Every PAM substitution matrix on the web begins with a line like
# This matrix was produced by "pam" Version 1.0.6 [28-Jul-93]
or version 1.0.7. Unfortunately, the pam source code tarball at ftp://ftp.ncbi.nih.gov/blast/matrices/ seems to predate even 1.0.6 (among other things, it doesn't emit the comments at the beginning, and it doesn't include even options to generate values for B, X, Z, and *.) Try as I might, I can't seem to find the actual source code for pam 1.0.6 or 1.0.7.
Why do I want it? Two reasons. First, I'm teaching a bioinformatics class and introducing substitution matrices. The PAM matrices are great for teaching for many reasons, but I like them because of the evolutionary model on which they are based. I'd like to be able to illustrate their construction and create arbitrary PAM matrices to support a few exercises. Second, I'm mystified that the source would be so hard to find. Bioinformatics researchers are among the most active in promoting reproducible research; we all depend on these matrices, derived from a simple and elegant framework. And yet I'm stumped.
Hopefully, I'll just be making a fool of myself in this question and find that the source is obvious and everywhere.
Second, I'm mystified that the source would be so hard to find - I may have become a bit cynical but considering that we are talking about a program that was run in 1993 I am amazed that you have found anything at all.
Bioinformatics researchers are among the most active in promoting reproducible research - in the same spirit allow me correct that, Some bioinformatics researchers are very active in promoting reproducible research.
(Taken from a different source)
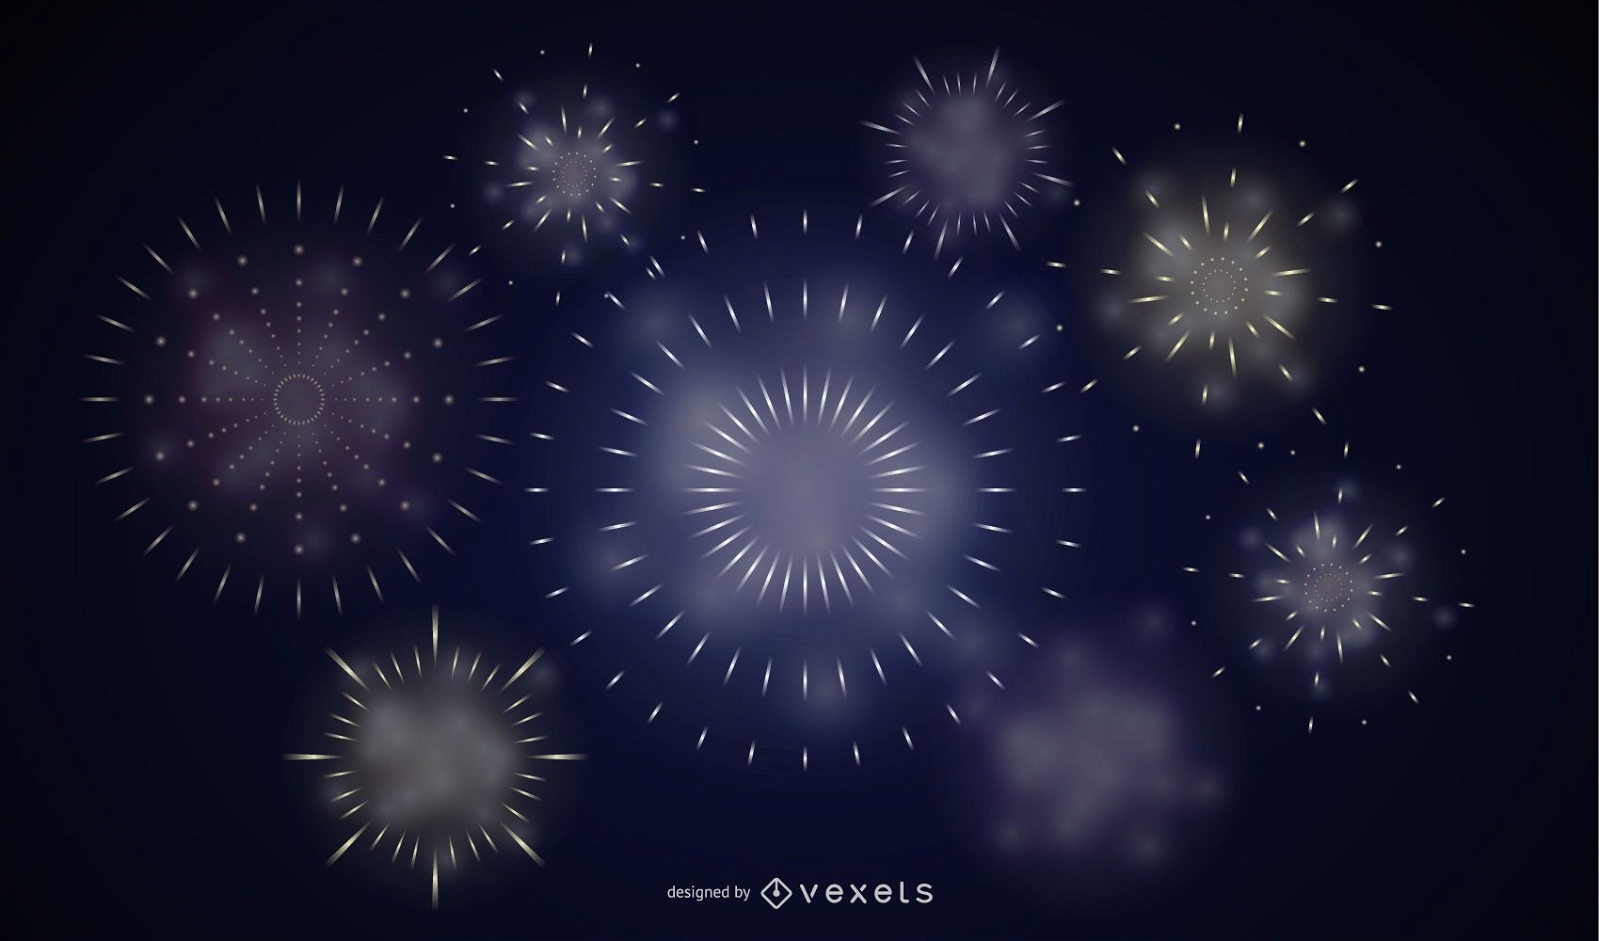 Fireworks background design

See this post on News page, a major company that has sold sequencers worth hundreds of millions of dollars has simply took down the site that hosted the software used to process data for their platform.
I had hoped to find something, in part because the 1.0.7 version is dated 13-Aug-03.
As for bioinformatics researchers: point taken :-(
Actually, I believe you should write the NCBI Help Desk, they will most probably answer positively to your request for the updated code.
I second that - I'd be curios to see whether they can solve this - bioinformatics aging are like dog years, one year in bioinformatics is like seven years of real life
Good suggestion :-) As it turns out, I had written to NCBI at about the same time as my original post. I've been in email conversation with them since. My colleague Chris Hogue also contacted them separately. I can't quote any of their emails here, (because their work for the Federal Government requires approval for that) but there may be something approved in the near future.
In addition to our discussion about the software itself, they did add that the internal use of PAM matrices in BLAST is hard-coded in the NCBI toolkit and that matches in the initial protein search against ambiguious characters is treated as a constant, though the matrix composition step treats them differently. Given the scarcity of B, J, Z, and X characters in protein sequences, there should be hardly any impact.